A anexação da Crimeia em 2014 tem um efeito acelerador. O enviado especial para África, Mikhail Bogdanov, visita 50 vezes entre 2014 e 2019; os oligarcas russos afloram aos palácios presidenciais. O vendedor não oficial de Putin, Evgueni Prigogine, tem andado para trás e para a frente para vender os serviços dos paramilitares de Wagner e para se infiltrar nos meios de comunicação locais a fim de influenciar uma eleição – em Madagáscar, por exemplo – ou para transmitir um pouco de música antifrancesa na República Centro-Africana ou no Mali.

De facto, a cartografia dos abstencionistas – que reivindicam a sua neutralidade, na tradição dos não-alinhados – relaciona-se em parte com as amizades forjadas com Moscovo. O Kremlin tem tido o cuidado de visar sectores estratégicos nos últimos anos, tais como o trigo. De 2018 a 2020, a África importou da Rússia 3,7 mil milhões de dólares de trigo, ou 32% do total das importações de trigo.
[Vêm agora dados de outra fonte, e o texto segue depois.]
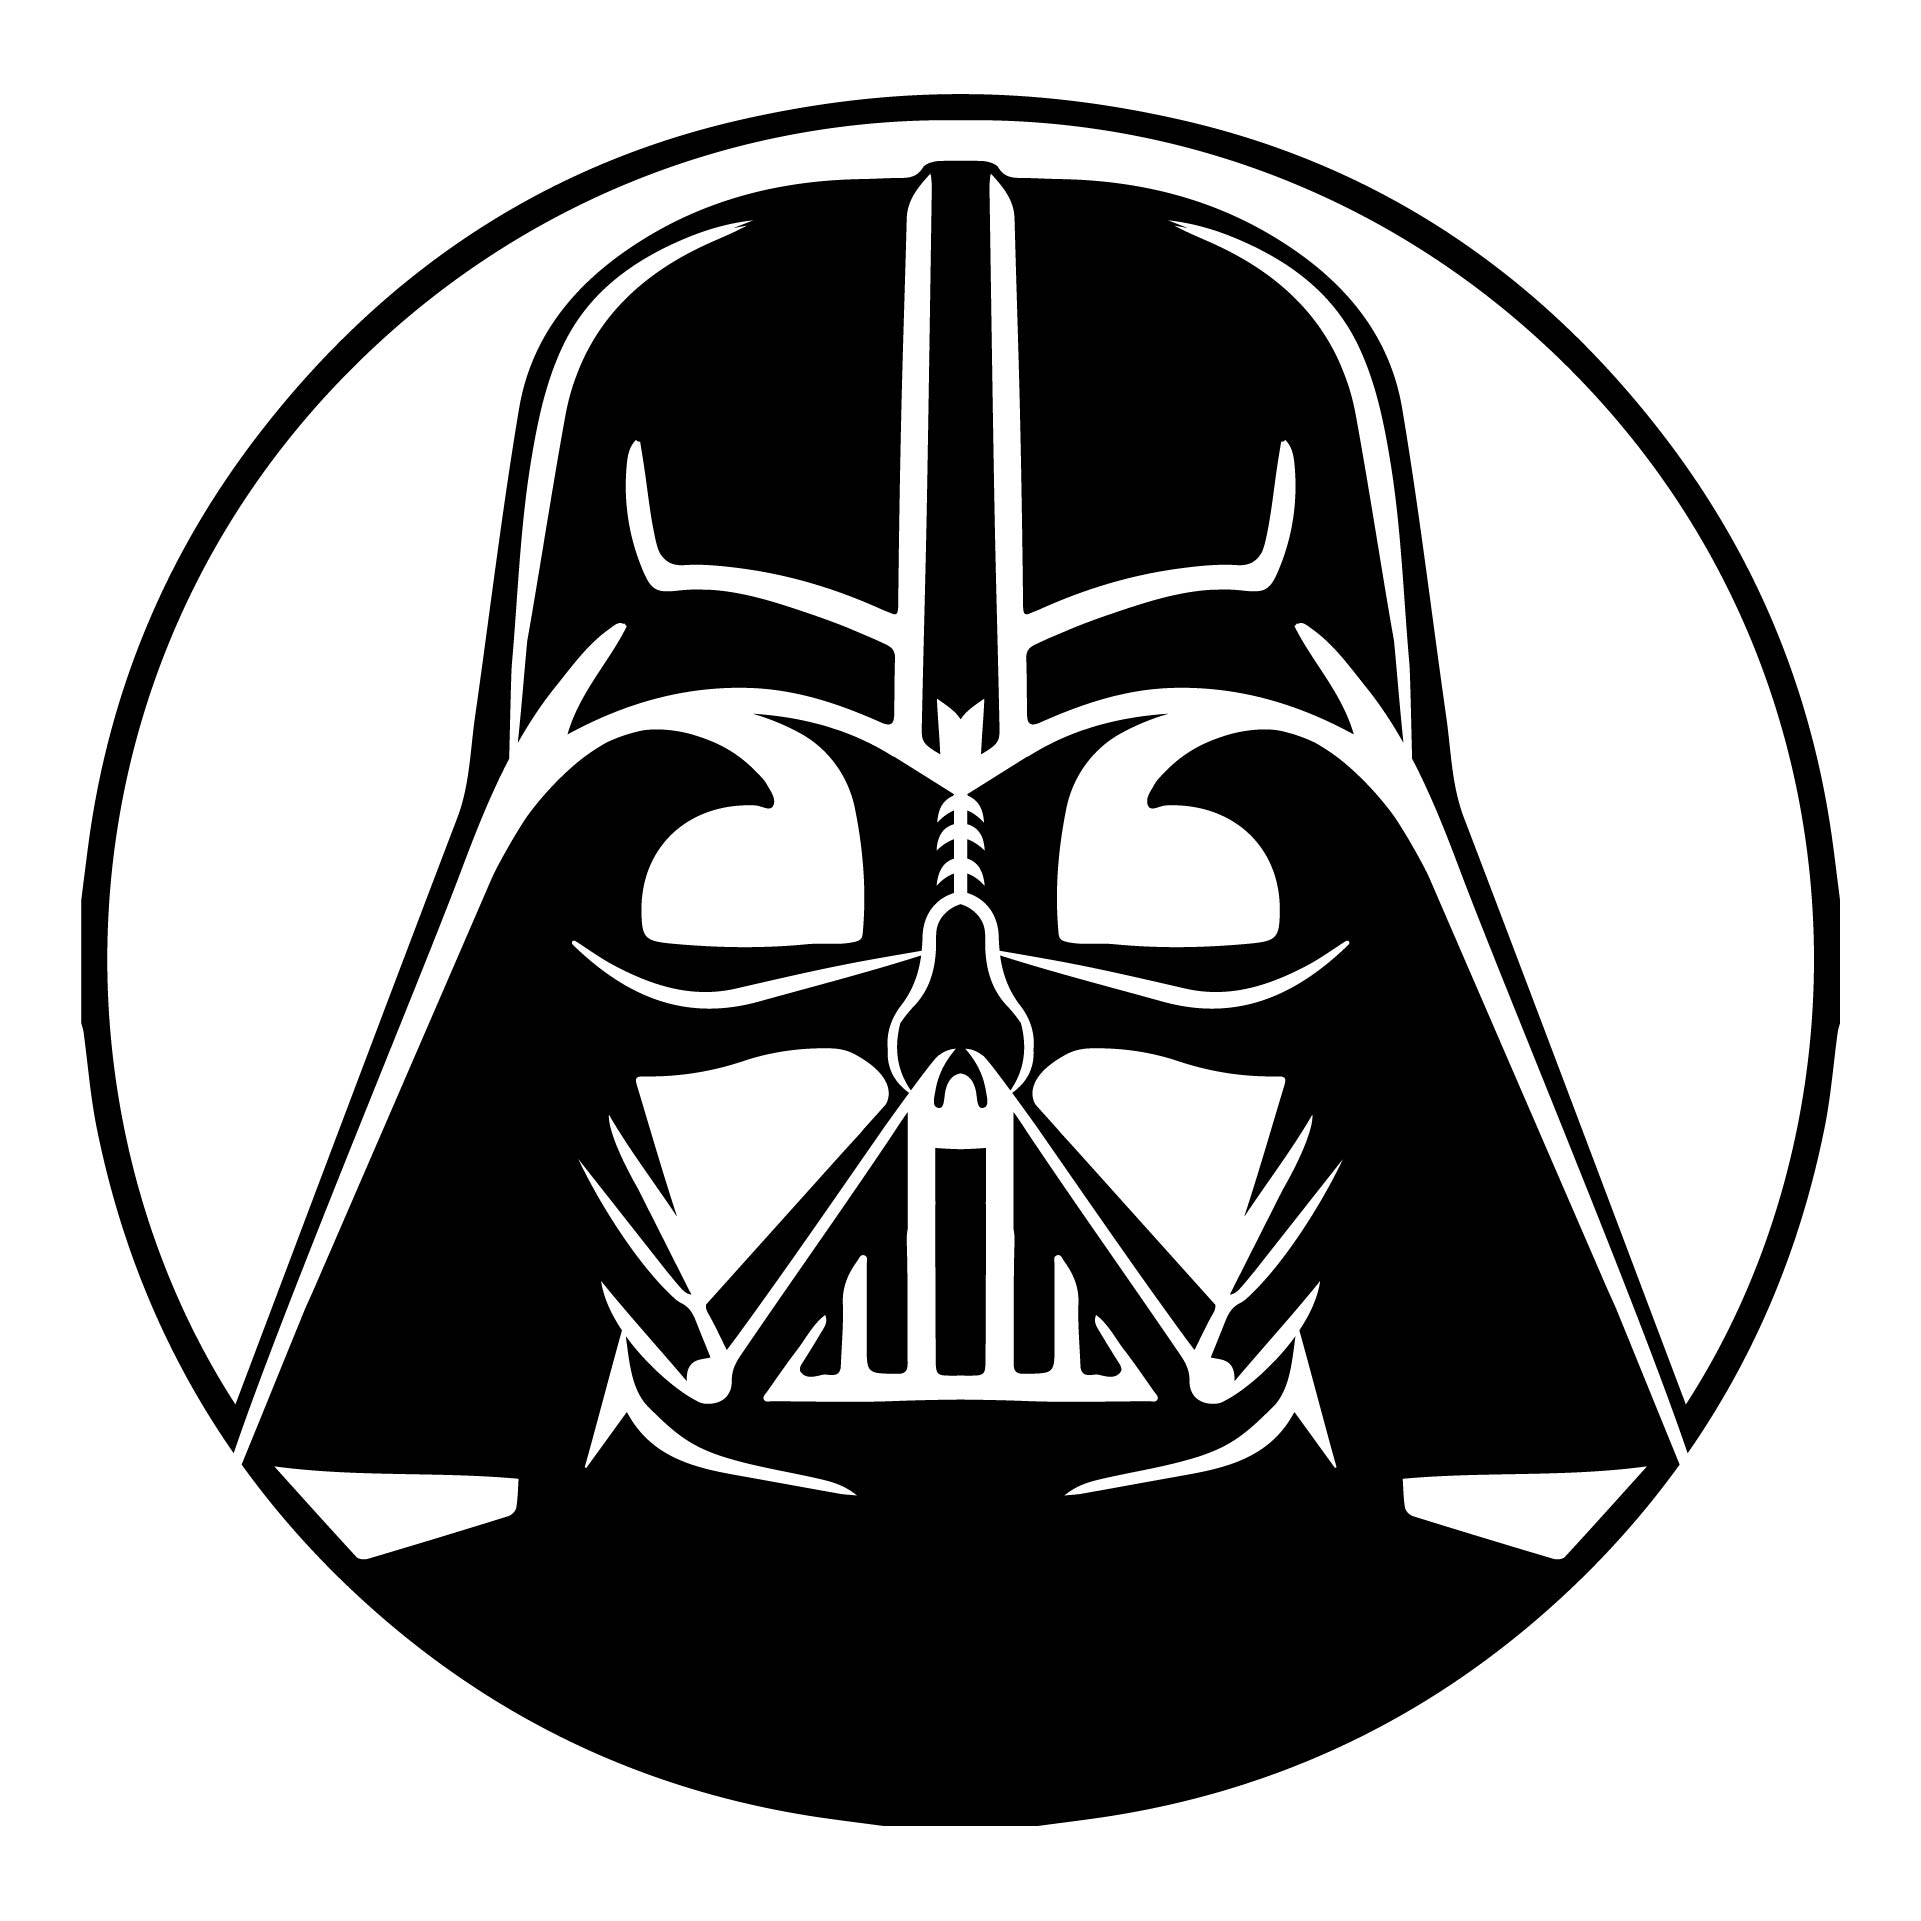 Star Wars Empire Stencils

Mas o principal produto do « catálogo » de Putin continua a ser a cooperação militar. Quase metade dos Estados do continente concluíram um acordo com o Kremlin. A Argélia é o seu primeiro cliente, que duplicou as suas despesas militares desde 2010. « A Europa tem portanto na sua fronteira sul um país cujo sistema de segurança é inteiramente detido pelos russos », resume a nossa fonte.

Milhares de toneladas de ouro

Mas isso não é tudo. Para além das parcerias oficiais, a empresa militar privada Wagner também seduziu os Estados falhados. Os líderes do Mali, da República Centro-Africana e do Sudão dependem agora destes mercenários, uma espécie de guarda pretoriana, para manter o poder. E eles adquiriram estes « homenzinhos verdes » em troca de concessões mineiras e de ouro. Isto é suficiente para reconstituir as reservas de ouro do Kremlin para se libertar do dólar e, quando chegar o momento, enfrentar sanções económicas.
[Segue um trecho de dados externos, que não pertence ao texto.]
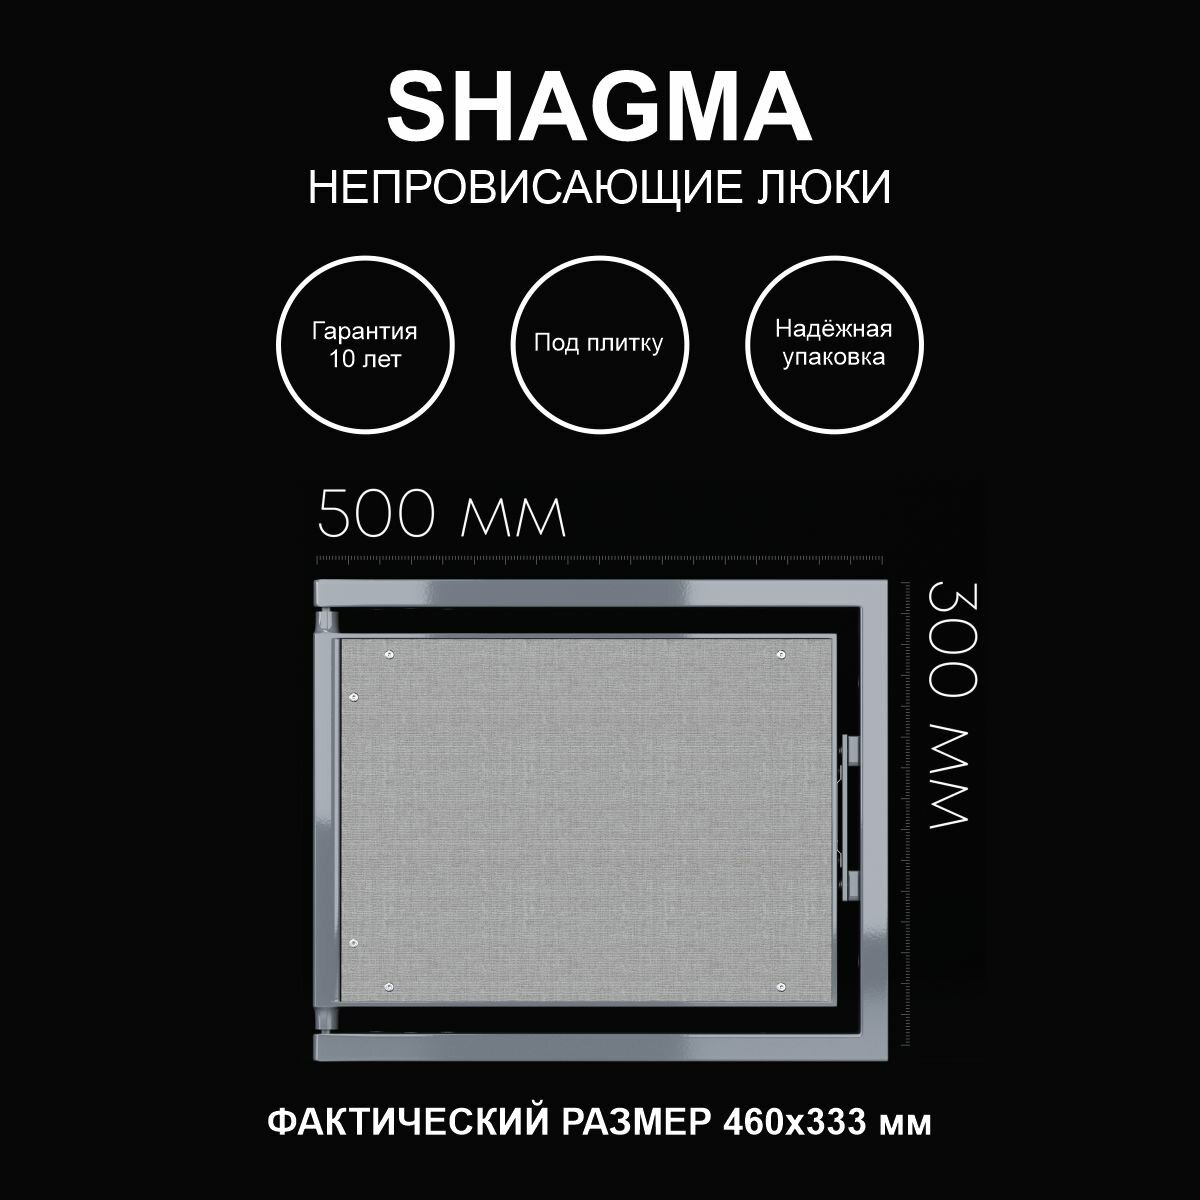 Люк ревизионный под плитку 500х300 мм одностворчатый сантехнический настенный фактический размер 460(ширина) х 333(высота) мм SHAGMA

Missão cumprida, segundo dados do Conselho Mundial do Ouro: no final de 2021, os cofres do Banco Central russo continham quase 2.300 toneladas de ouro… ou seja, cinco vezes mais do que há quinze anos! O Sudão, o terceiro maior produtor do continente, não é, sem dúvida, o culpado. Diz-se que o homem forte do país, o General Daglo, levou lingotes no seu último voo para Moscovo para uma visita oficial no dia 23 de Fevereiro (na véspera da invasão da Ucrânia), segundo o antigo analista da CIA Cameron Hudson, que foi informado por um membro da delegação.


A fim de melhorar a sua imagem junto dos seus clientes africanos, a Rússia recorda prontamente os felizes dias soviéticos, quando a URSS patrocinou os movimentos de libertação nacional. Acima de tudo, capitaliza o ressentimento em relação ao Ocidente. « A África tem uma memória. Lembra-se da intervenção da NATO na Líbia contra Kadhafi ou a invasão do Iraque », diz Jean-Yves Ollivier, um homem de negócios francês e amigo íntimo do presidente congolês e próximo dos círculos empresariais russos.

Moscovo está a jogar esta carta até ao pescoço. Putin sabe que o manganês e a bauxite, dois minerais essenciais à indústria russa, estarão em breve em escassez. Esta é uma boa notícia, uma vez que a África está cheia delas.